Prior studies have extensively characterized the in vivo binding sites of Zld, Grh, and Twi during normal Drosophila development. To better understand how cell-type specific variables affect PF binding, we compared ChIP-seq data for our PFs expressed in culture to published datasets for endogenous Zld, Grh and Twi binding. We analyzed Zld ChIP-seq data from the early embryo (nuclear cycle 14 embryos)63 and from larval neural stem cells30, Grh ChIP-seq data from late embryos (16–17 hours) and wing imaginal discs31 and Twi ChIP-seq data from early embryos (1–3 hours)64. We identified many binding sites that were bound in vivo but were not bound upon ectopic expression in S2 cells (Extended Data Fig. 7ac). Chromatin enriched for repressive histone modifications H3K9me3 and H3K27me3 is resistant to binding by some PFs6,12. To test if these repressive marks were present in S2 cells at the resistant sites (bound in vivo but not upon ectopic expression), we compared our PF-binding data to published S2 cell ChIP-seq datasets for H3K27me351 and H3K9me352. We divided the sites bound in vivo but not in our S2 cell system into three classes: class IV sites have high levels of H3K27me3, class V sites have high levels of H3K9me3, and class VI have low levels of both repressive marks (Fig 4ac; Extended Data Fig. 7dl). Despite the presence of class IV, V and VI binding sites for all three proteins, there were distinct patterns of binding across different tissues. Zld binding in S2 cells was more similar to that of neural stem cells (NSC) than embryos, with many of the strongest binding sites in embryos remaining unbound in S2 cells (Fig. 4a). This differed for Grh, in which many of the strongest binding sites were shared across the three tissues (Fig. 4b). Twi binding was largely distinct in S2 cells and the embryo, with only a small subset of binding sites shared across the two tissues (Fig. 4c; Extended Data Fig. 7c).

Figure 4: Many endogenous binding sites are resistant to ectopic pioneer-factor binding.

Figure 4:

a-c, Heatmaps comparing ChIP-seq signal across different tissues for Zld (a), Grh (b), or Twi (c). ChIP-seq data for repressive histone modifications H3K27me351 and H3K9me352 in wild-type S2 cells are also shown. Heatmaps are ranked by mean ChIP intensity across all tissues and chromatin marks. d-f, Heatmaps comparing DMSO or tazemetostat (taz)-treated cells for Zld (d), Grh (e), or Twi (f). Zld, Grh, and Twi ChIP-seq data are z-score normalized. CUT&RUN data for H3K27me3 is spike-in normalized using barcoded nucleosomes (see methods). Expression was induced for 48 hours. Heatmaps are ranked by Zld, Grh, or Twi ChIP intensity with DMSO, respectively.

To test the functional relevance of repressive chromatin to PF binding, we used the chemical inhibitor tazemetostat to disrupt activity of the PRC2 complex responsible for depositing H3K27me3 (Extended Data Fig. 8a,b). Despite causing dramatic reductions in H3K27me3 levels, tazemetostat treatment did not result in global changes to Zld, Grh, or Twi binding when compared to DMSO controls (Fig. 4df). The majority of class IV binding sites remained unbound in tazemetostat-treated cells, demonstrating that loss of PRC2 activity is insufficient to promote widespread binding of any of the three factors studied.
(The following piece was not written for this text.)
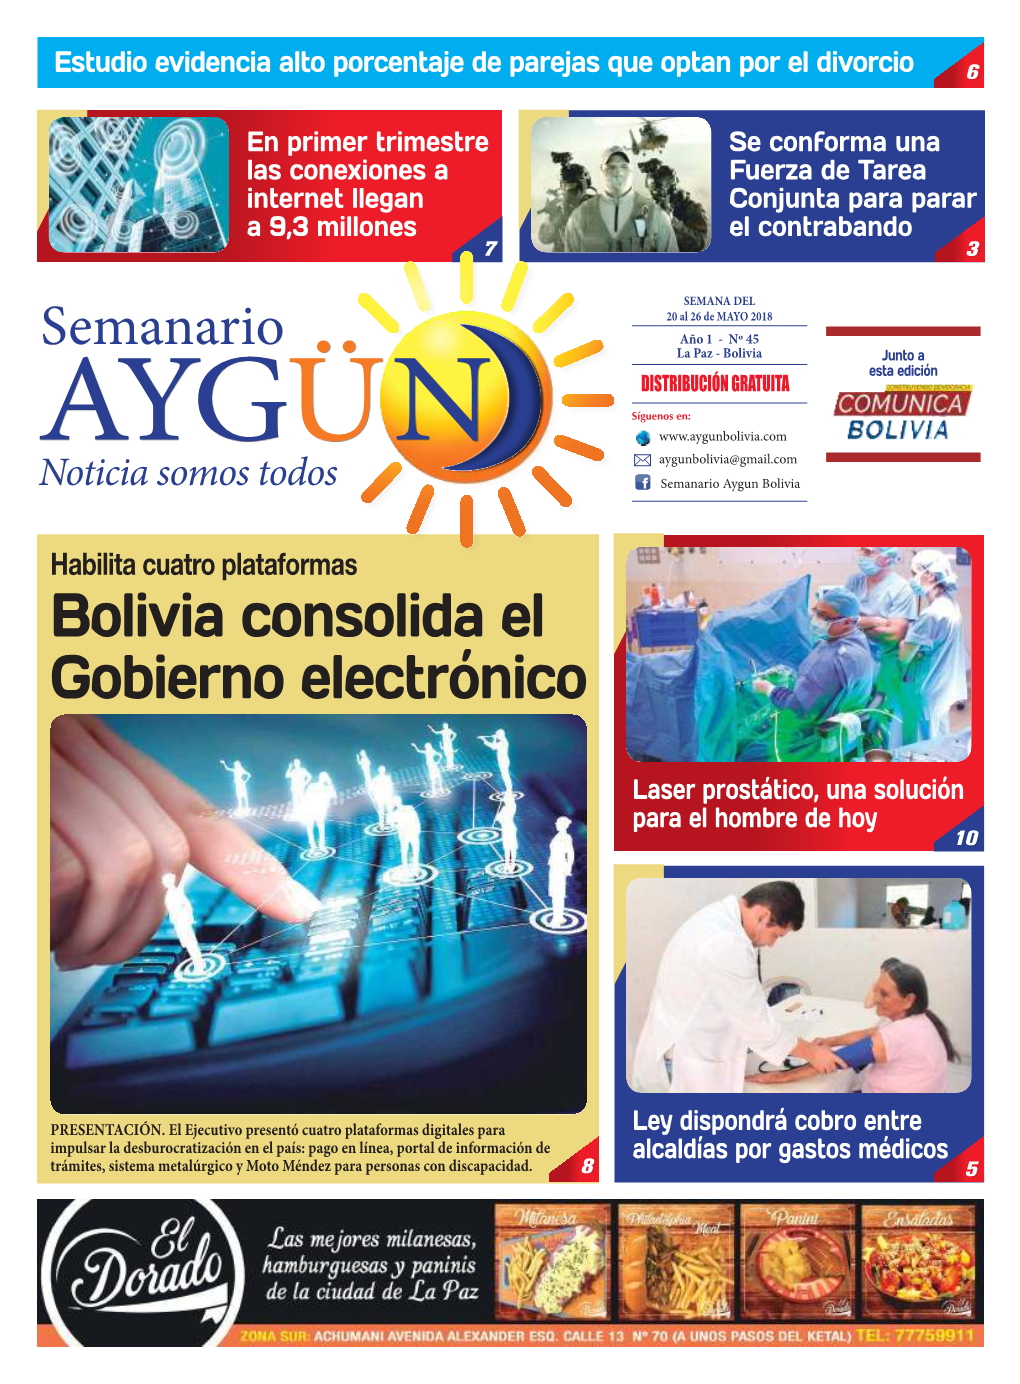 Bolivia Consolida El Gobierno Electrónico

We therefore further examined the chromatin state of the class IV regions in S2 cells, but did not identify enrichment of other chromatin marks that might explain the continued lack of binding even upon tazemetostat treatment (Extended Data Fig. 8ce).

Given the lack of a clear role for chromatin features in driving the tissue-specific PF occupancy, we investigated whether cofactors might contribute by analyzing motif enrichment at class I-VI regions (Extended Data Fig. 8fh). For all three PF, class I regions were enriched for motifs bound by factors that are robustly expressed in S2 cells. By contrast, regions bound in other tissues (class IV, V, VI) were enriched for factors lowly expressed in S2 cells and more highly expressed in other tissues. Class IV sites for Twist are enriched for the Zld-binding motif, and Zld has been demonstrated to promote Twist binding in the embryo41. Together this analysis identifies cofactors that may facilitate PF binding in specific tissues and suggests that highly expressed factors in S2 cells promote occupancy of class I regions.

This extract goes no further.